The research is being led by Dr. Frances Lund, Charles H. McCauley Professor and Chair Department of Microbiology, Dr. John Killian, resident in the Department of Surgery, and Dr. Rico Buchli, VP of Products and Services at PTS, and focuses on using PTS's newly created Class I and Class II biotinylated soluble HLA (sHLA) proteins to understand the breadth and specificity of HLA-reactive B cells in sensitized individuals. These proprietary HLA molecules can be utilized in standard flow cytometry workflows for easy processing and analysis that the parties hope will provide a new tool for clinicians and researchers to use when caring for transplant patients.

Almost all previous work on HLA sensitized individuals has relied upon assays that detect circulating anti-HLA antibodies. The goal is to determine the reactivities of HLA-reactive B cells in these sensitized patients and compare these reactivities to those that are present among circulating anti-HLA antibodies. Using panels of biotinylated HLA molecules in combination with various tetramerized fluorescent reagents allows the interrogation of the specific B cell receptors expressed by HLA-reactive B cells.
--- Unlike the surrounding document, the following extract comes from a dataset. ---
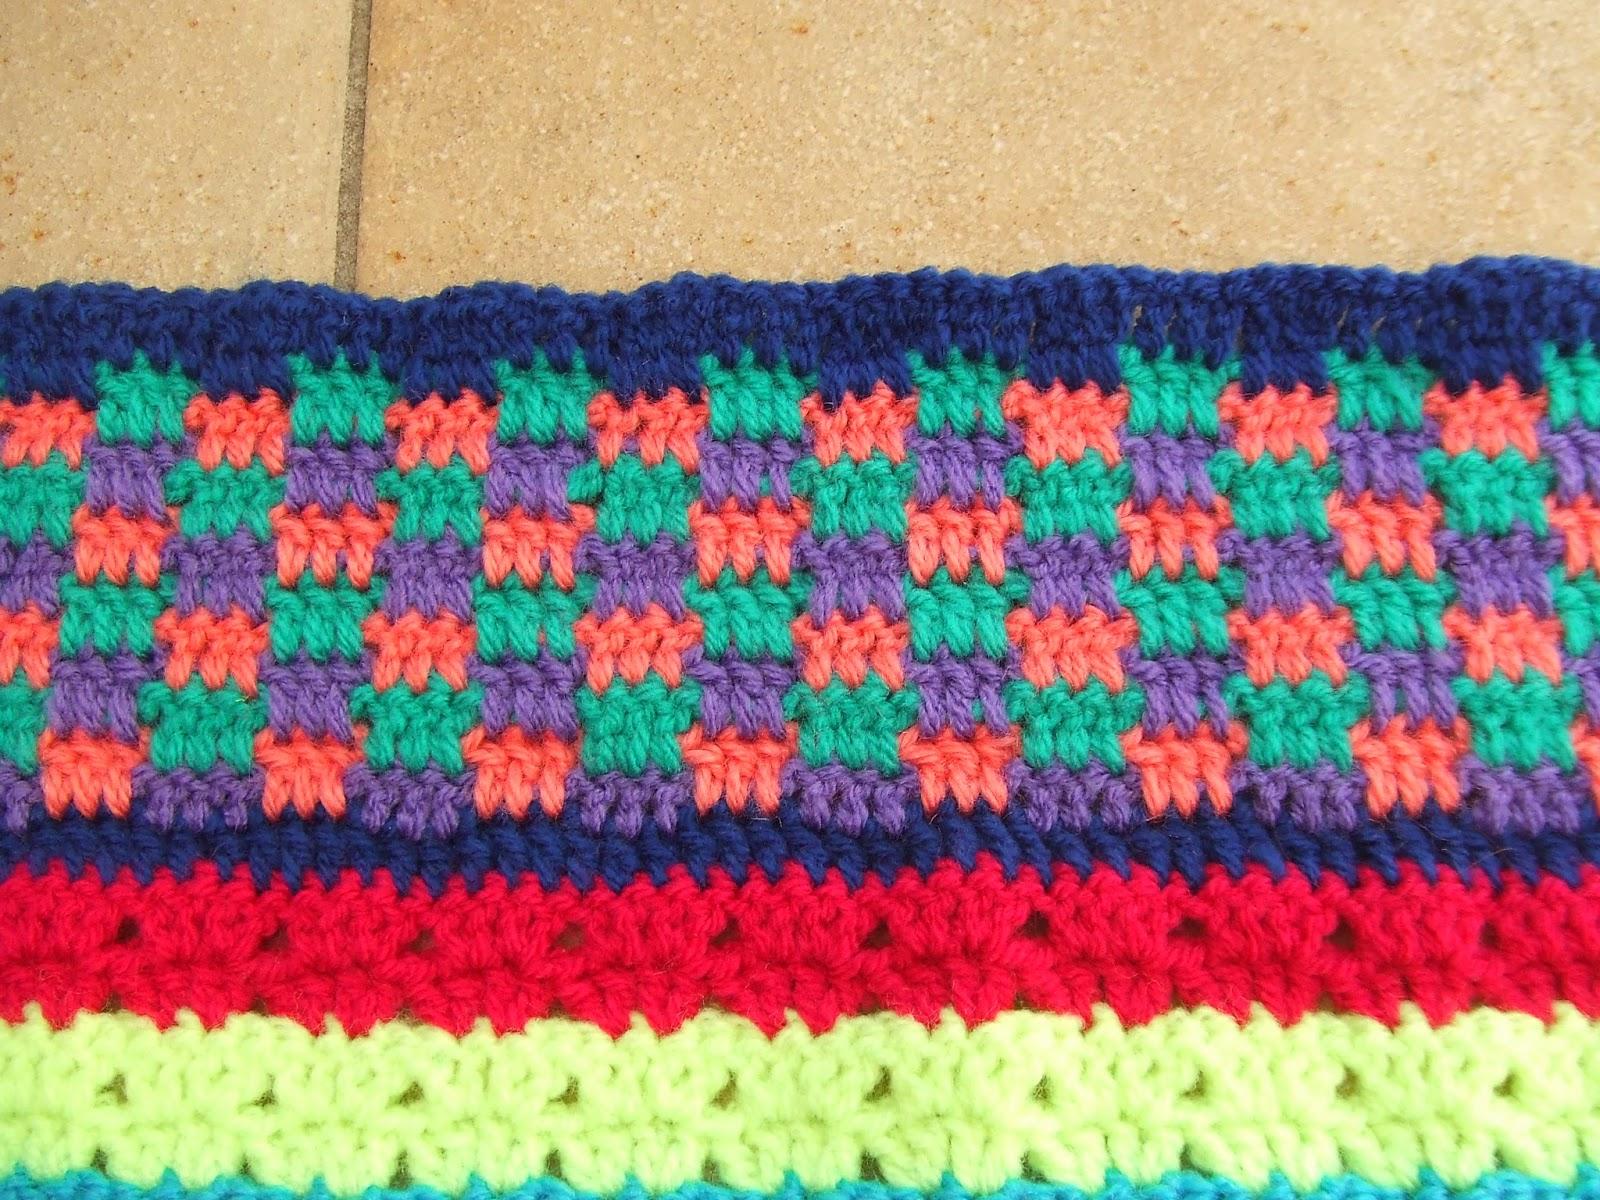 my world of crochet di tdecke woche 7 teil 6. Black Bedroom Furniture Sets. Home Design Ideas

"Prevention of B cell activation and proliferation is crucial for the survival of a transplant patient. For patient monitoring, identifying the right approach to immune profiling at each stage of clinical development-including the later stages, when it is often considered impractical to include these approaches-may be critical for identifying predictors of rejection responses, or monitoring immunosuppression efficacy", said Dr. Buchli. "Flow cytometric analysis using our fluorescent tagged HLA products have the capabilities needed to meet the increased demands to detect, identify, and monitor HLA-specific memory B cells."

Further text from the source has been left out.